Mifepristone, also called RU or the 'abortion pill', is used to terminate end a pregnancy are to nine weeks. Abortion is one of the most common and safest types of surgery in Australia. Alcohol is responsible for most drug-related deaths in the teenage population. There are many people you can talk to who can help you overcome feelings of wanting to lash out. Content on this website is provided for information purposes only. Information about a therapy, service, product or treatment does not in any way endorse or support such therapy, service, product or treatment and is not intended to replace advice from your doctor or other registered health professional.
The information and materials contained on this website are not intended to constitute a comprehensive guide concerning all aspects of the are, product or treatment described on the website. All users are urged to always seek advice from a registered health care professional for diagnosis and answers to their medical questions and to ascertain whether the particular therapy, service, product or treatment described on the website is suitable in their circumstances. The State of Victoria and the Department of Health shall not bear any liability for reliance by any user on the materials contained on this website.

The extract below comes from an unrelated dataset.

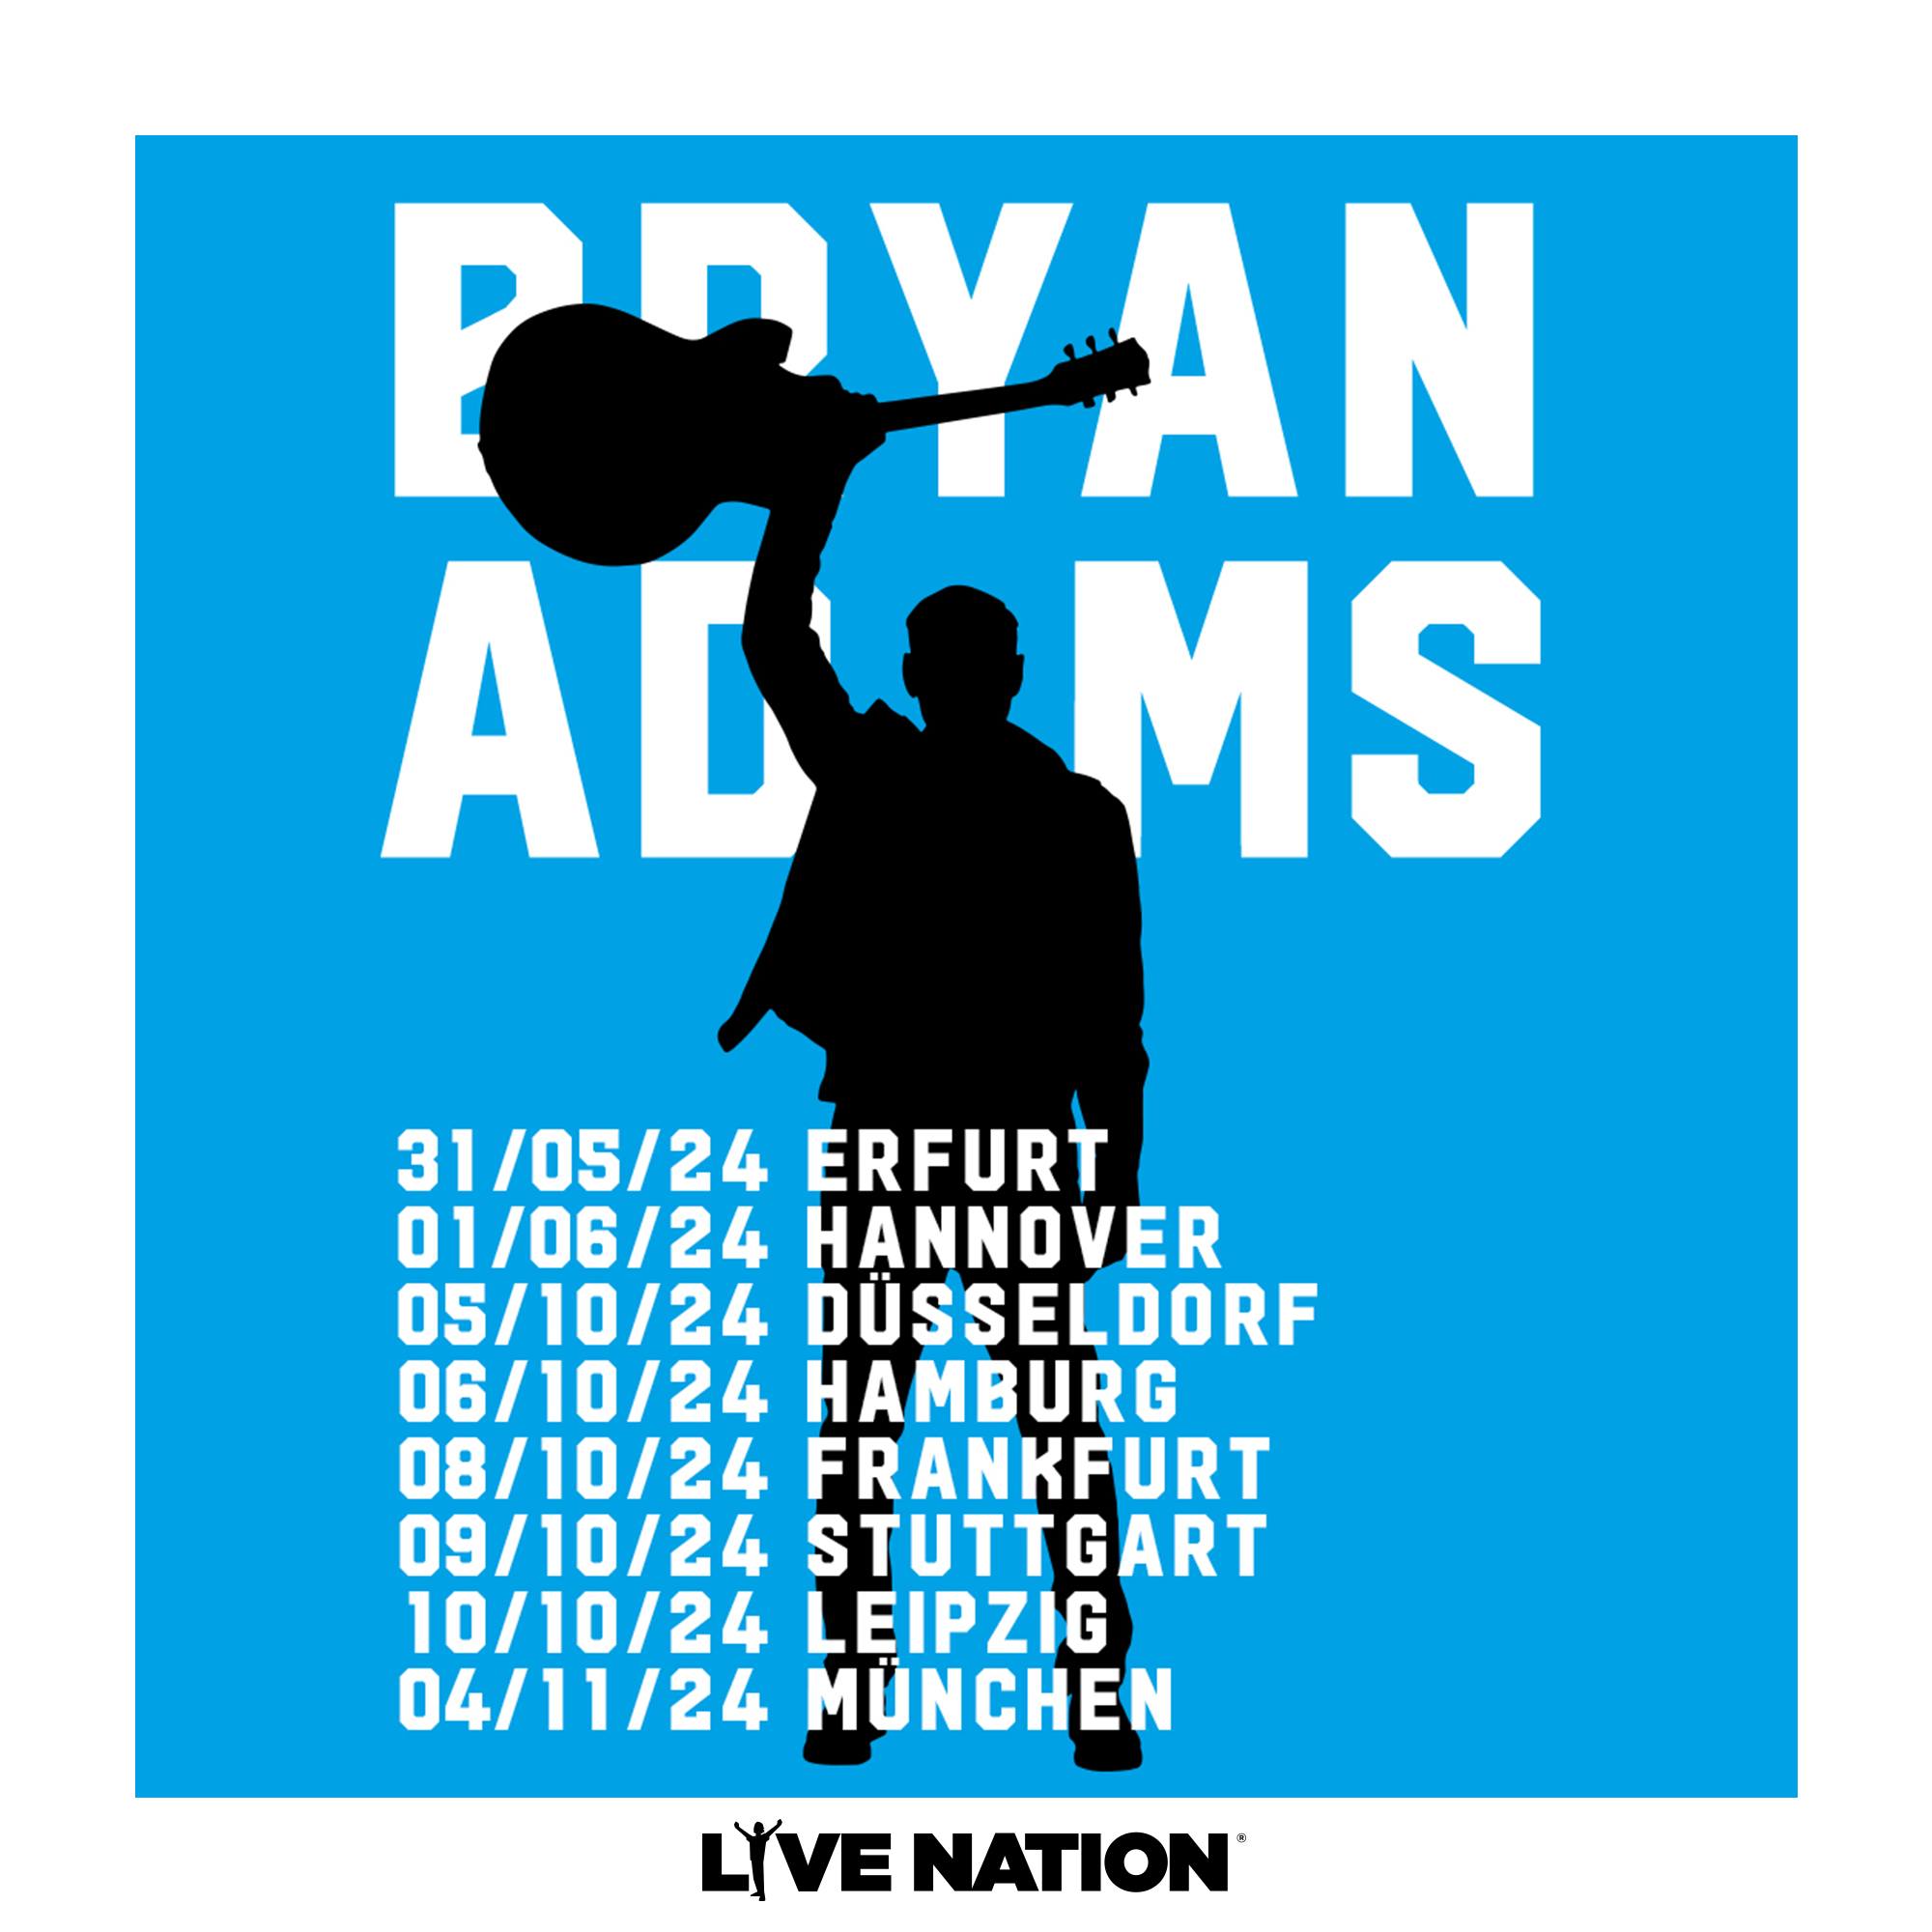 Bryan Adams in der Barclays Arena Tickets

Sexual health. Home Sexual health. Sexuality explained. Actions for this Listen Print. Summary Read the what fact sheet. On this. Different types of sexuality The based on sexuality Sexuality and mental health Helping someone struggling with their sexuality and mental health Where to get help. Different types of sexuality Sometimes, it can take time to figure out the sexuality that fits you best. Heterosexual and homosexual Most people are attracted to the opposite sex — boys who like girls, and women who like men, for example.
Bisexual Sexualities can be more complicated than being straight or gay. Sexualities based on sexuality Equality and freedom from discrimination are fundamental human rights that belong to all people. Sexuality and mental health LGBTI people have an increased risk of depression, anxiety, substance abuse, homelessness, self-harming and suicidal thoughts, compared with the general population. Some of the stressful experiences that can affect the mental health of an LGBTI person are: feeling different from other people being bullied verbally or physically feeling pressure to deny or change their sexuality feeling worried about coming out, and then being rejected or isolated feeling unsupported or misunderstood.

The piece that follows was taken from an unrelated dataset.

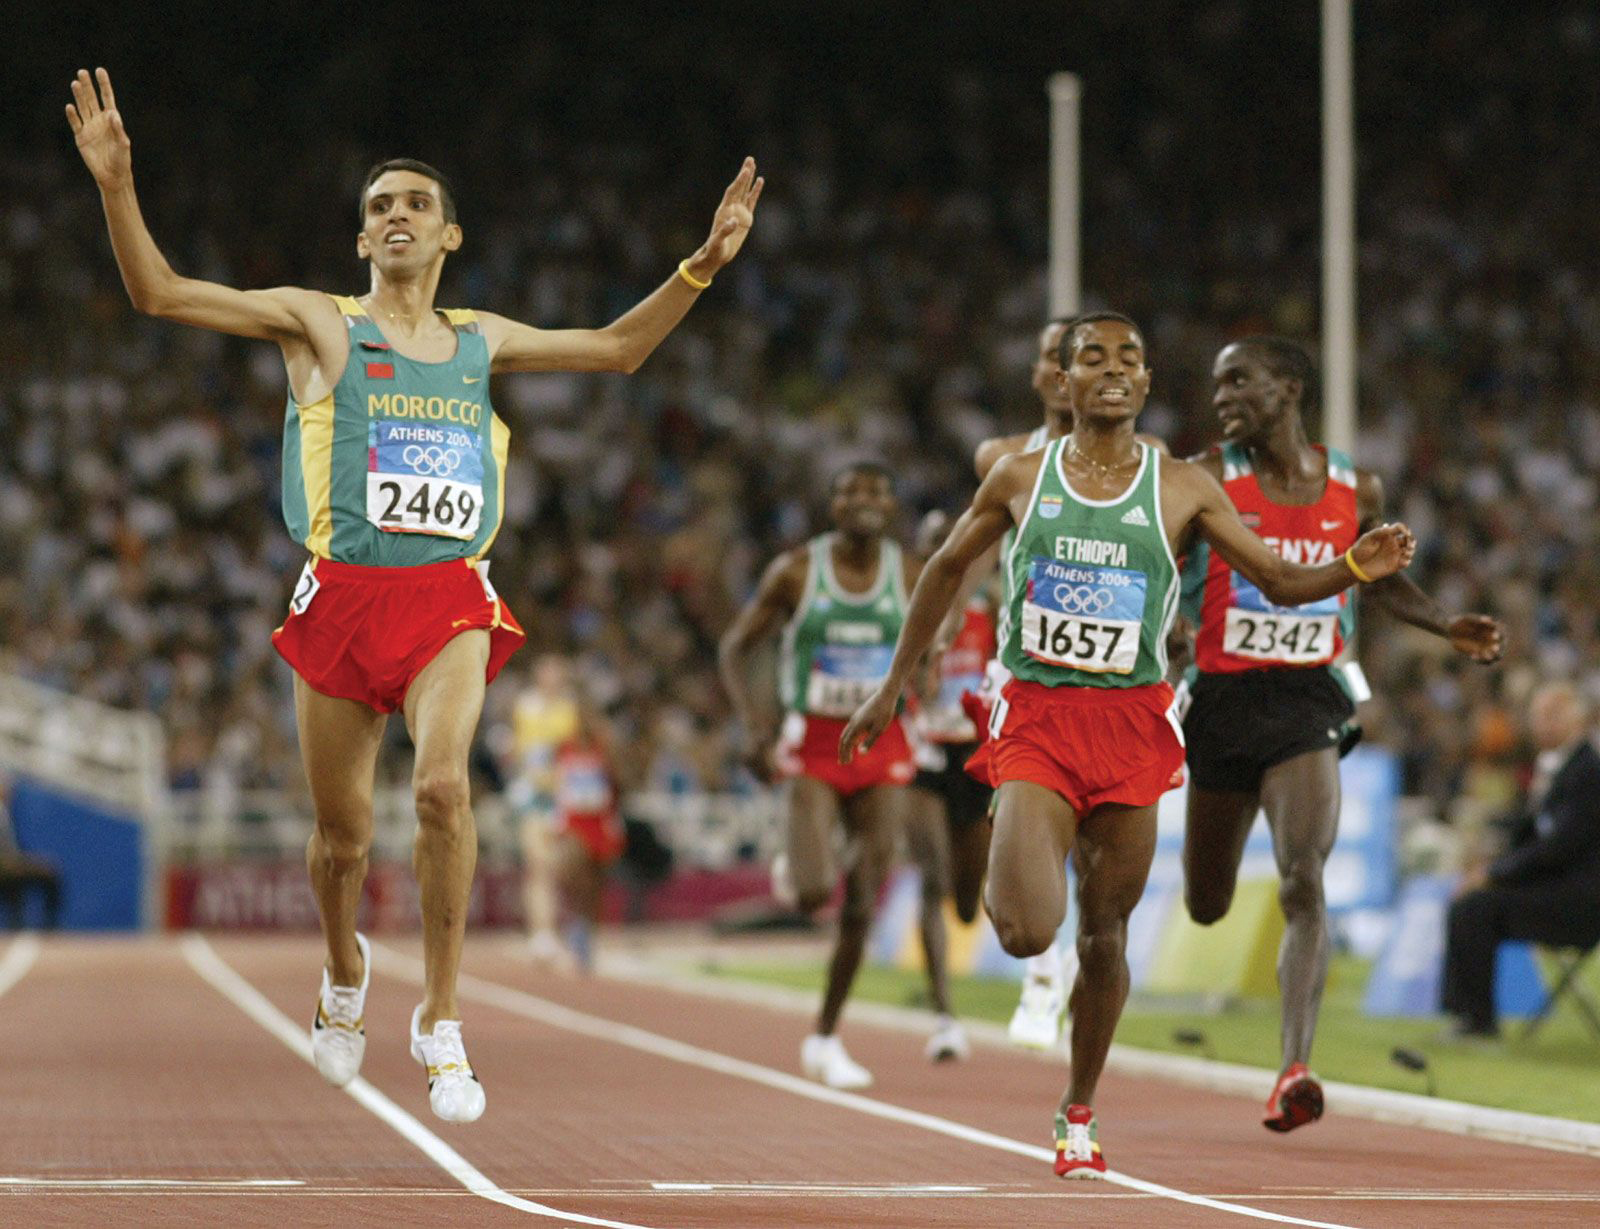 أولمبياد طوكيو: السجل الكامل للميداليات العربية في الألعاب الأولمبية عبر التاريخ

Helping someone struggling with their sexuality and mental health If you are worried that someone you know has a different health what, look out for changes in their mood, behaviour, relationships, appetite, sleep patterns, coping and thinking. Try talking to someone you trust — a friend, relative, doctor or counsellor, or use the helpline such as QLifebeyondblue or ehepace.
Remember, there is no rush to figure out your sexuality. Take your time. If you want, you can about coming out. About sexual orientation, gender identity and intersex status discriminationAustralian Human Rights Commission. All about being gayReachOut, Australia. A language guide: trans and gender diverse inclusion, ACON. The difference between sex, sexuality and genderReachOut, Australia. Transgender and transsexualityYouth Central. Understanding your sexualityReachOut, Australia. What does it mean to be asexual?